■ Material for the task
------------------------------------------------------------------------

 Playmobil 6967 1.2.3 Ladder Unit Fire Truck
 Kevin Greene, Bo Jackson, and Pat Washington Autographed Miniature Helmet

------------------------------------------------------------------------

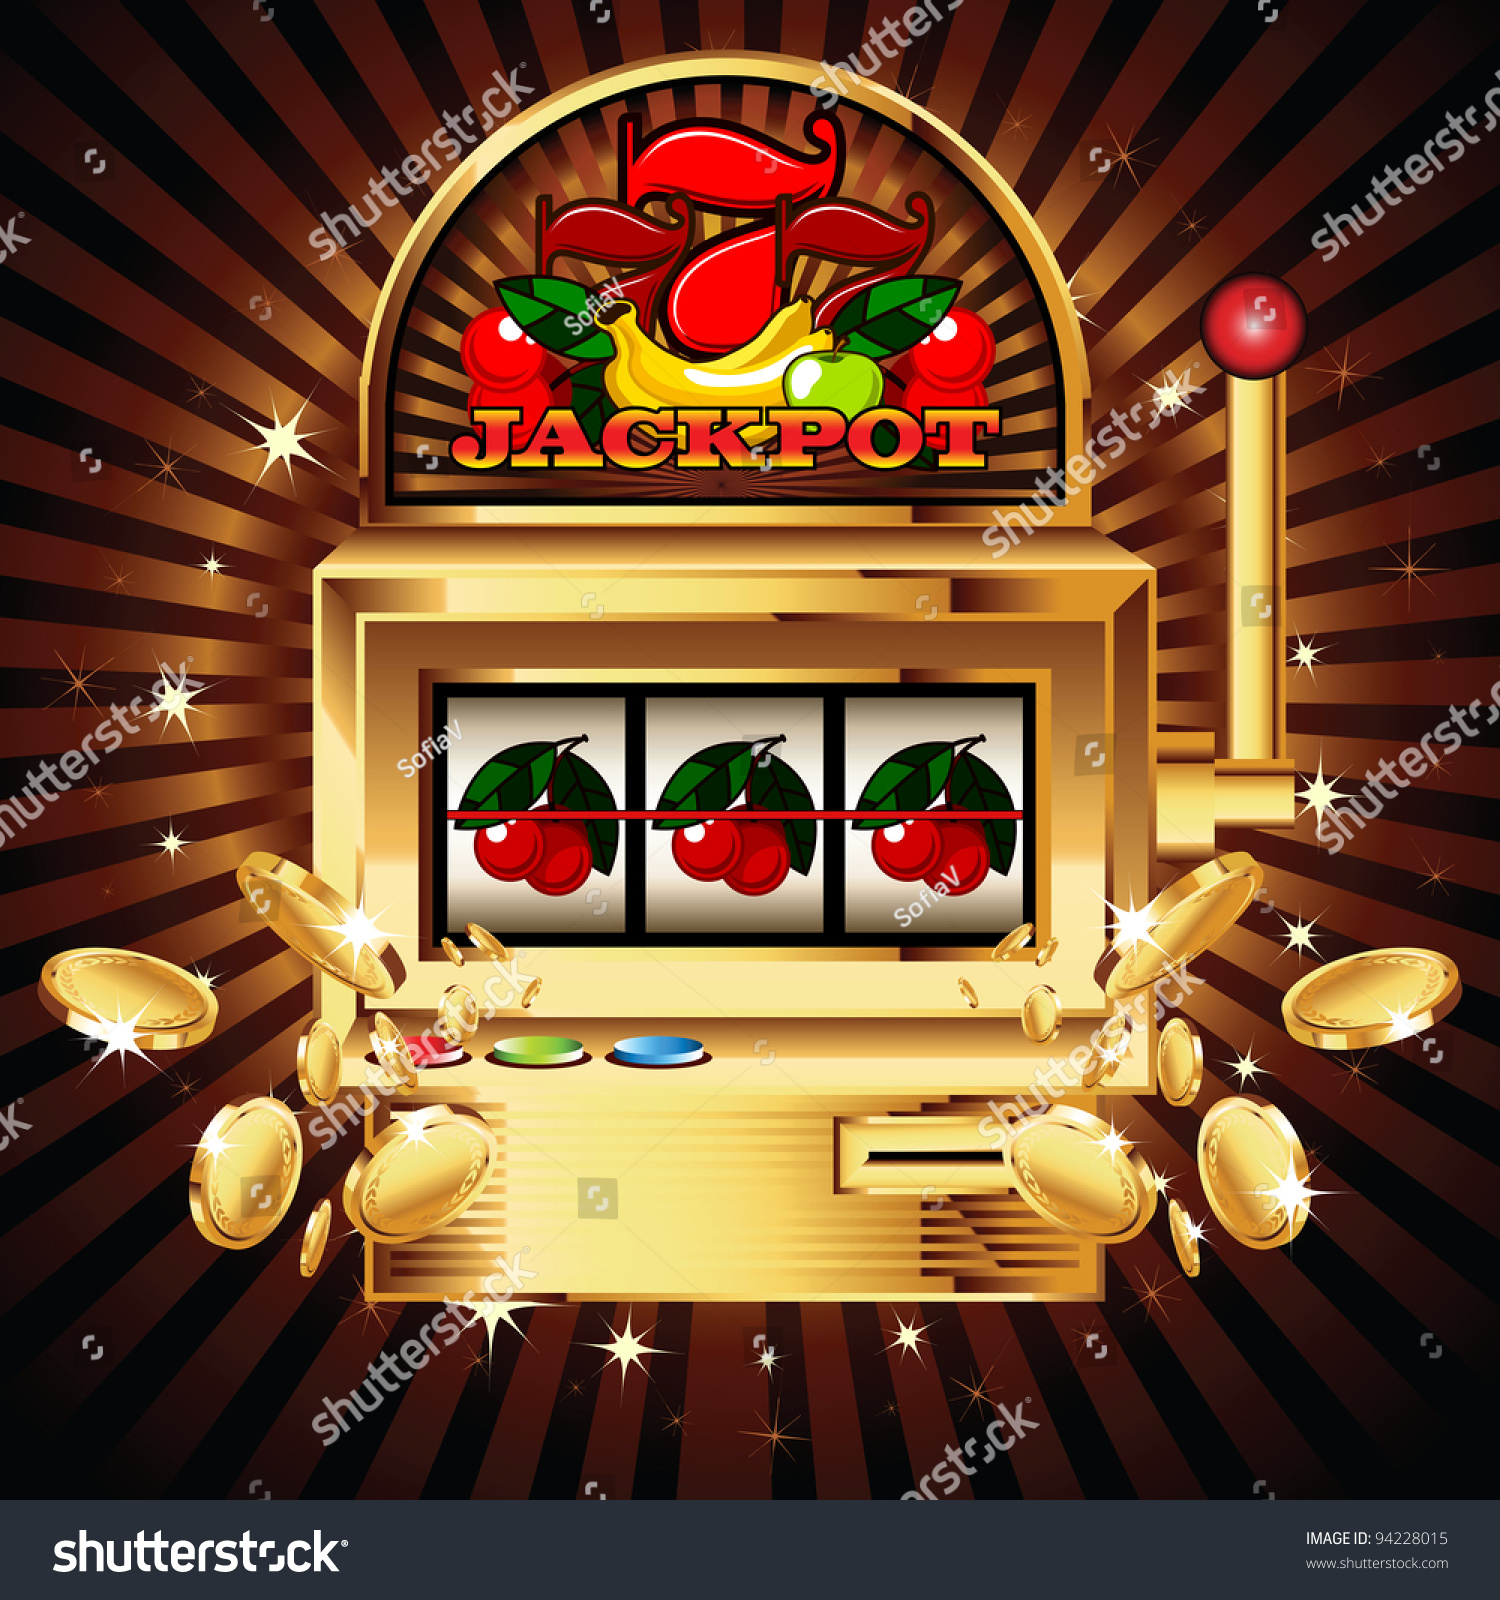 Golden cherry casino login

------------------------------------------------------------------------

■ Work task
Of the lines above, retype only those from the line containing "Playmobil 6967 1.2.3 Ladder Unit Fire Truck" through the line containing "Kevin Greene, Bo", including both, exactly.

■ Finished exercise
 Playmobil 6967 1.2.3 Ladder Unit Fire Truck
 Kevin Greene, Bo Jackson, and Pat Washington Autographed Miniature Helmet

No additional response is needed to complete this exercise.